To estimate how clonal growth affects SGS, we performed autocorrelation analyses using all pairs of sampled individual stems. All analyses were performed using Loiselle et alsoohila. Kinship coefficients were computed for 20 distance intervals maximum distance in metres that alsiphila arbitrarily defined to maximize the number of pairwise comparisons. Significance of R L at each distance interval and the inbreeding coefficient F IS were obtained after 10 random permutations of individuals among locations and genes among individuals, respectively.

Significant SGS was evaluated by testing the regression slope of R L on the logarithm of distance b R with 10 replicates.

In both populations of A. In general, these analyses indicated that individuals from ATL form more restricted and dense clusters than individuals from AH.

The ATL population showed a higher O -ring statistic at the first distance interval and a more rapid decrease of clustering with increasing distance. The tests performed with the reduced datasets showed dirma the reduction in sample size in AH produced a less intensive clustering, but did not affect the spatial patterns of clustering data not shown. Spatial aggregation O -ring statistic of individuals in the two studied populations of the tree fern Alsophila firma AH: In plants with wind dispersion and random mating, the values of observed heterozygosity H O should approach those of gene diversity H S.

The two studied populations of A. Accordingly, inbreeding coefficients F IS were not significantly different from zero.

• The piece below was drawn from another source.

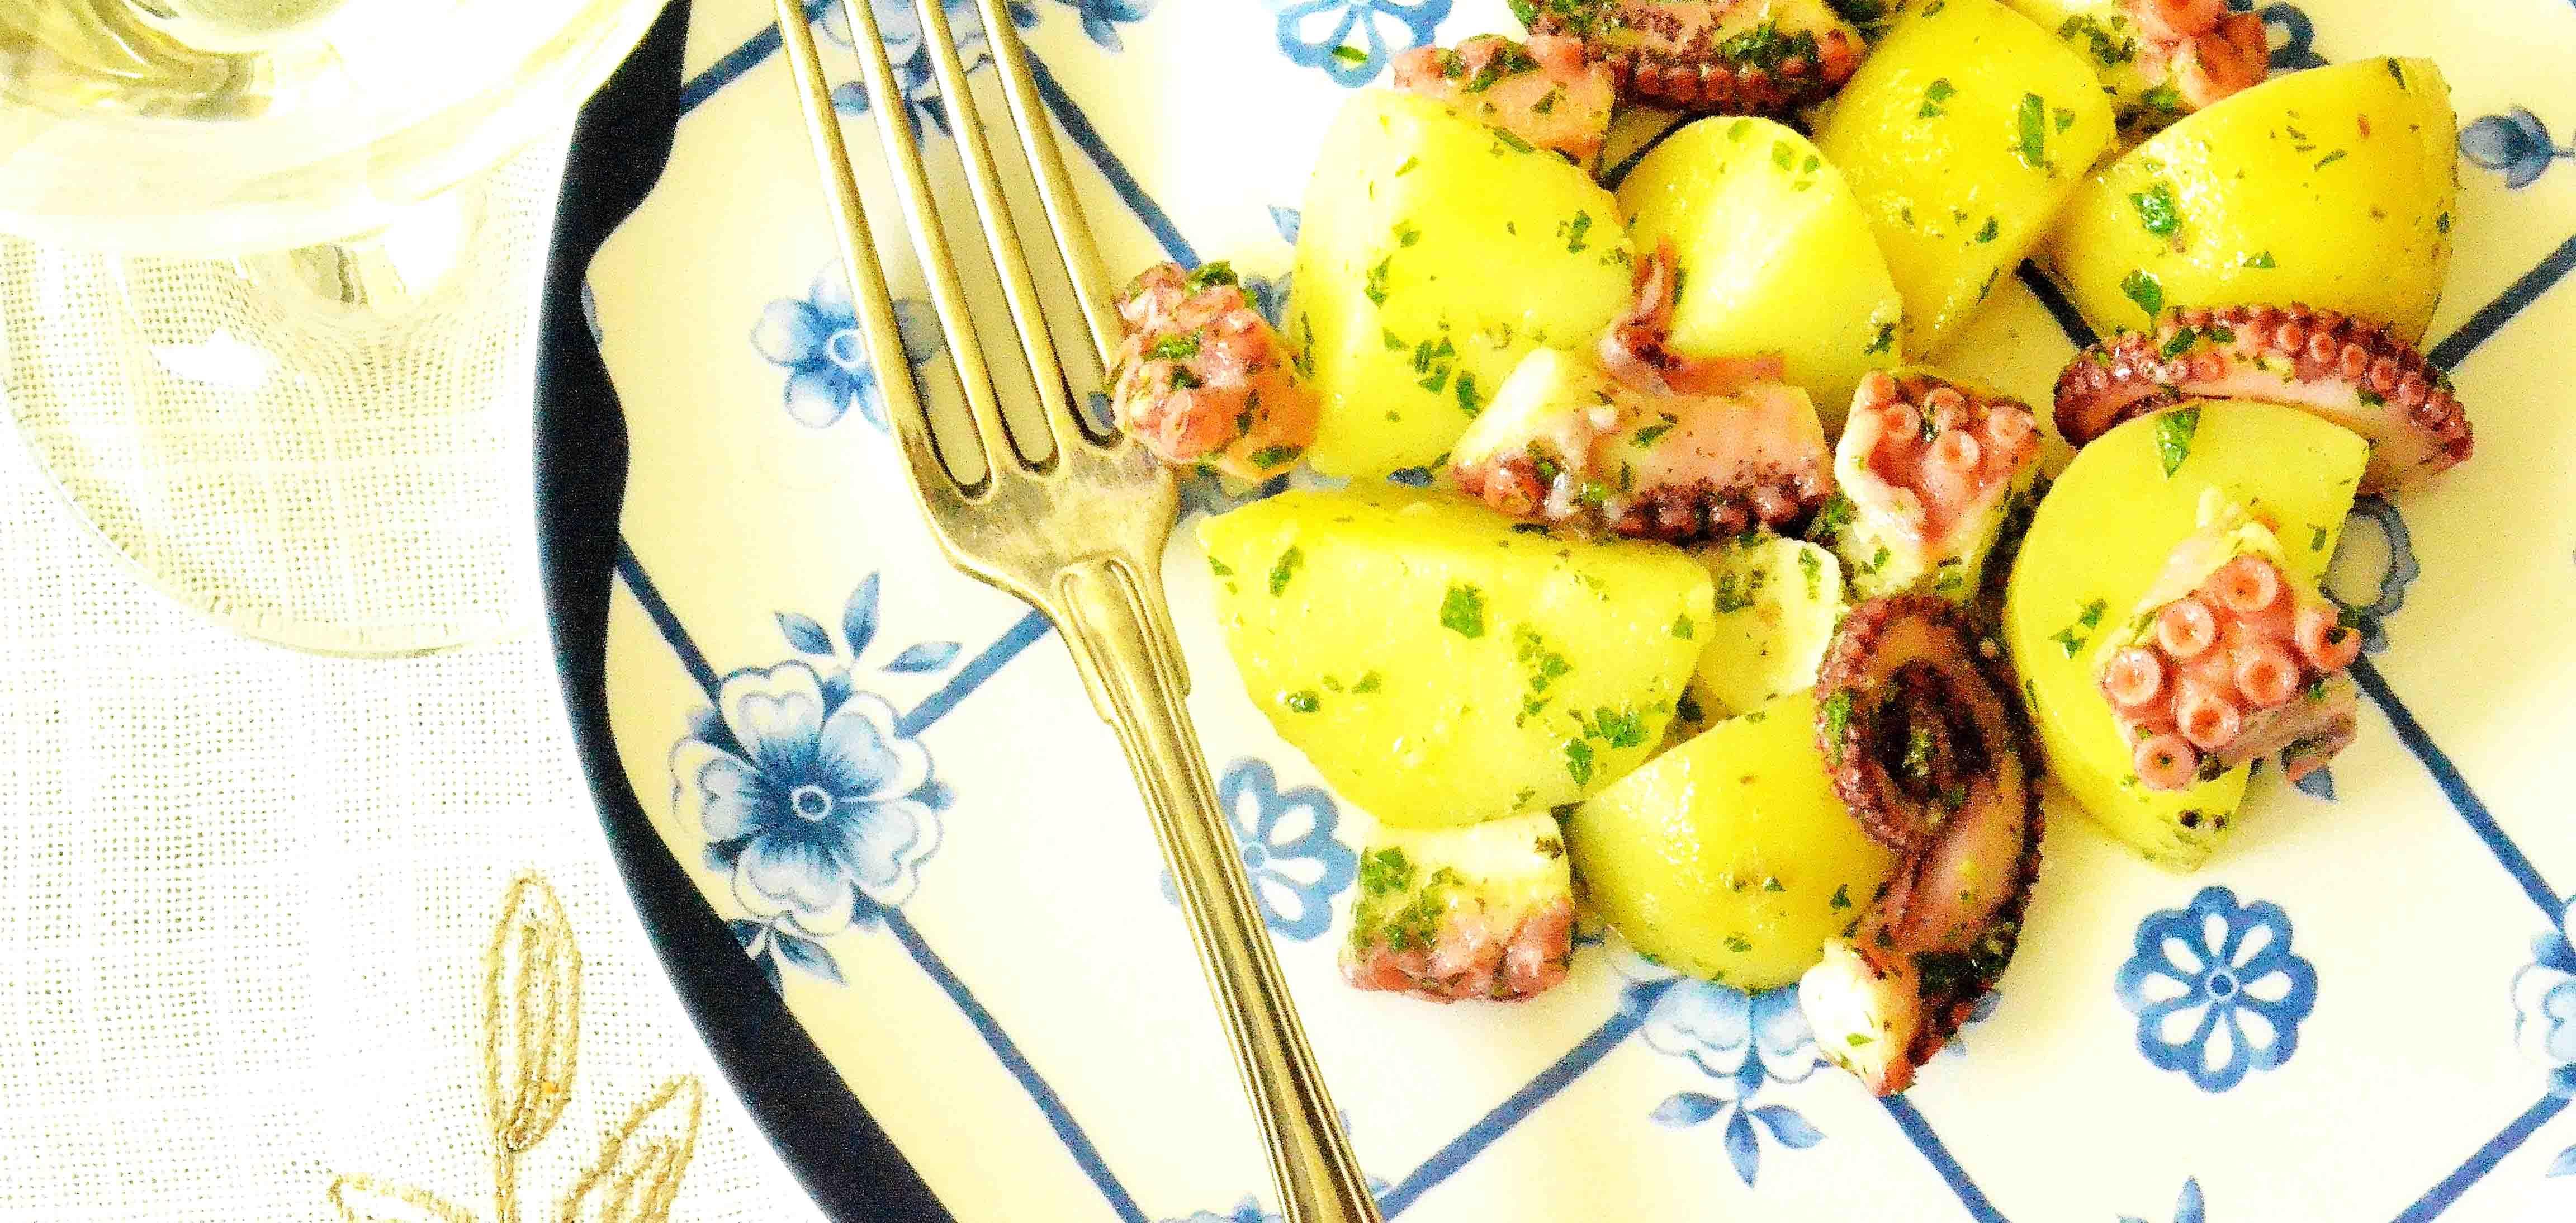 Blækspruttesalat med nye kartofler

Populations also exhibited a high genetic diversity for the five plastid SSRs, with similar measures of haplotype diversity, 0. There was no evidence of significant levels of homoplasy due to mutation in the five plastid SSRs.

Genetic diversity estimates for plastid haplotypes plastid SSRs and nuclear alleles gapCp and statistics of clonal extent in the two studied populations of the tree fern Alsophila firma AH: The genetic analyses showed that c. Accordingly, both populations showed substantial levels of clonal diversity R0.

Given the numbers of nuclear markers used, a low power to detect sexually produced identical genotypes is possible, especially in AH, where there is a single most common nuclear gapCp-M allele Supporting Information Table S2. This is probably related to differences in the size of clones i.

The proportion of clones occurring more than twice was greater in ATL than in AH, where the bigger clones comprised six and nine individual stems, respectively Supporting Information Fig. The analyses of SGS in the two populations of A. Permutation tests showed alophila regression slopes were significantly different from zero in all analyses Table 2.